- _EXERCISE PROMPT_
Where in the data below does the word "time" appear? Copy every line that has it.

- _DATASET_
_____
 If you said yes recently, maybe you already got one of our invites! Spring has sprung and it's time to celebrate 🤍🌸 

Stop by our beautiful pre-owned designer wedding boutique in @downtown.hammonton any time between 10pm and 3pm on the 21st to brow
_____
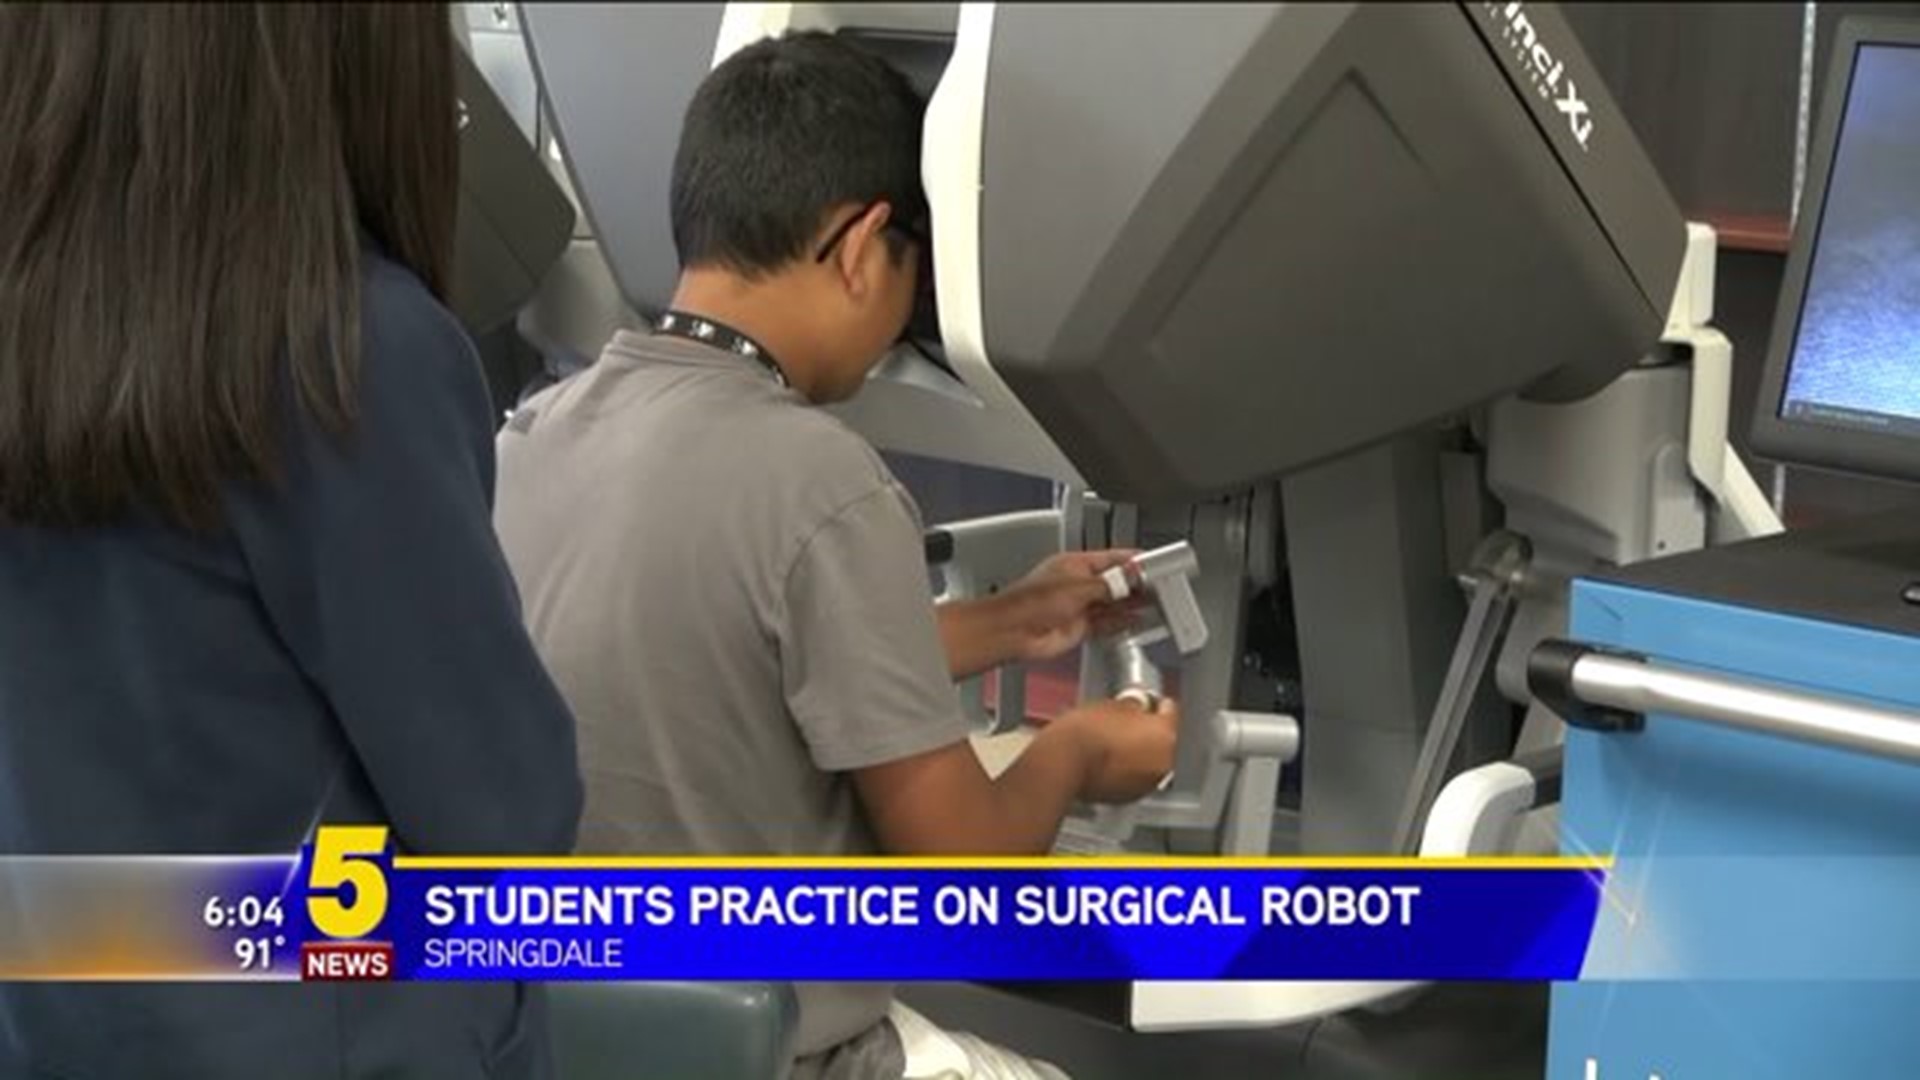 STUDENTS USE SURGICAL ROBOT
_____
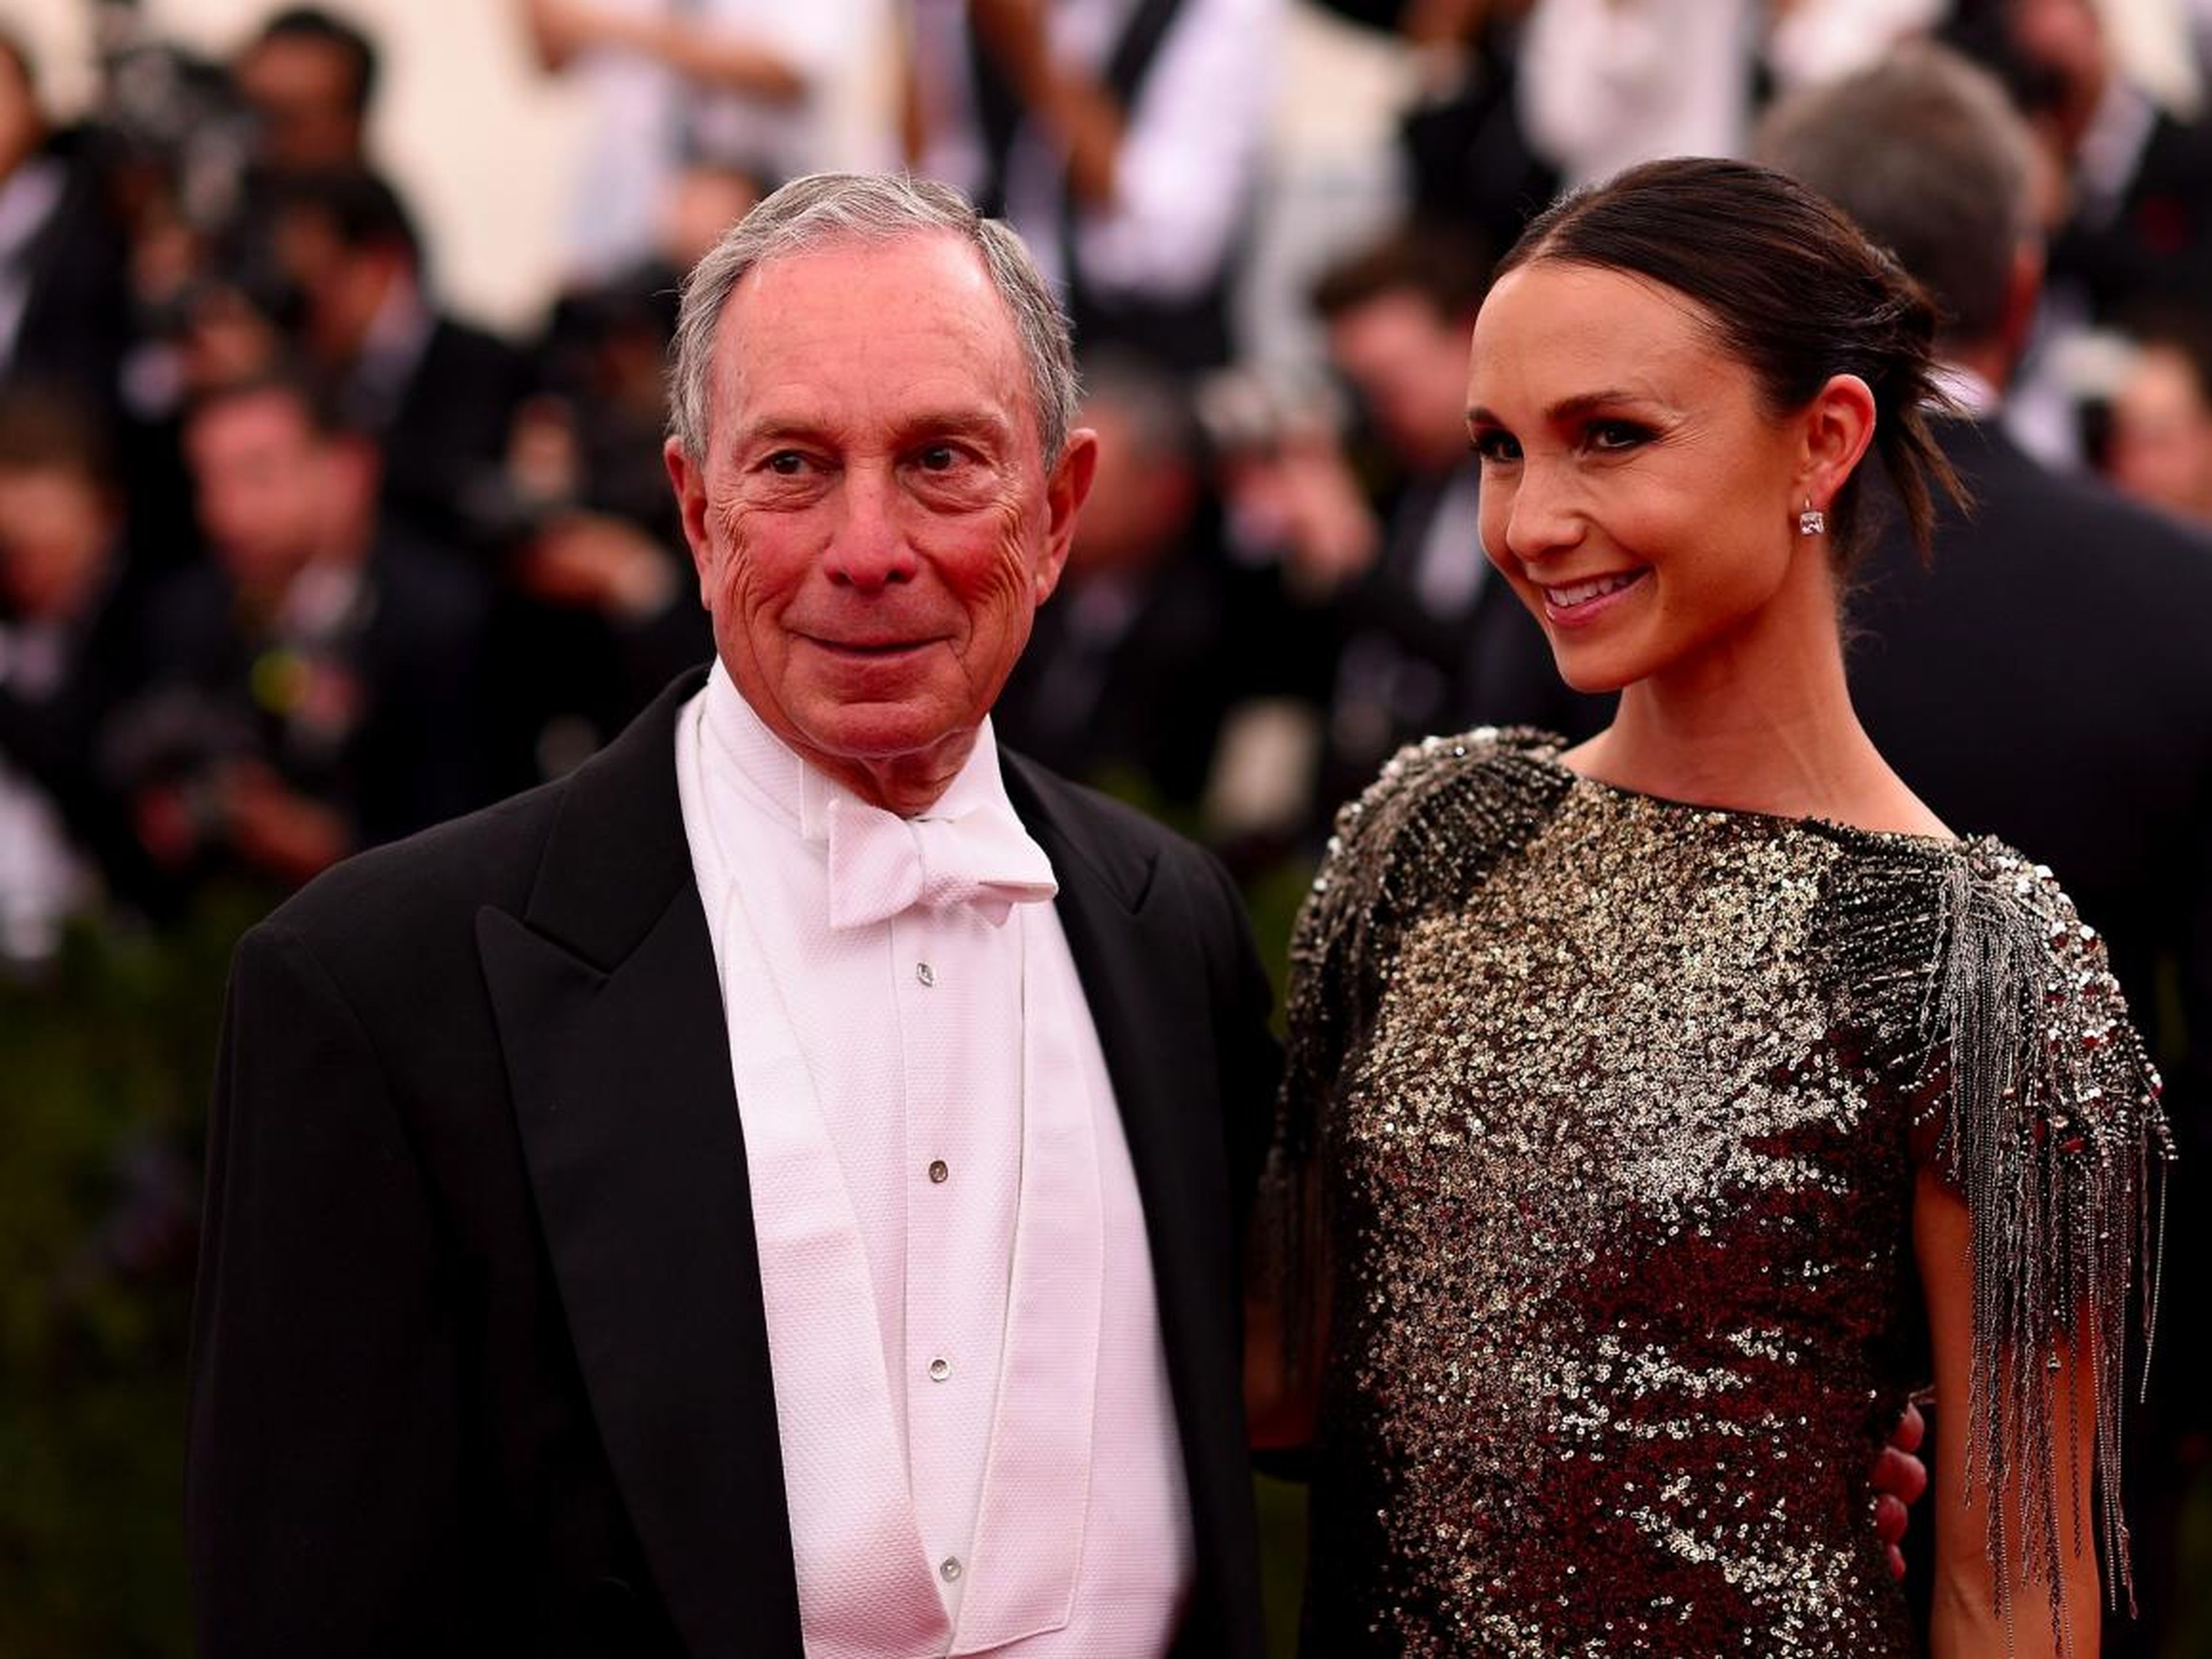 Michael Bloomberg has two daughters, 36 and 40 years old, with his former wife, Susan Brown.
_____
- _TASK RESPONSE_
 If you said yes recently, maybe you already got one of our invites! Spring has sprung and it's time to celebrate 🤍🌸 
Stop by our beautiful pre-owned designer wedding boutique in @downtown.hammonton any time between 10pm and 3pm on the 21st to brow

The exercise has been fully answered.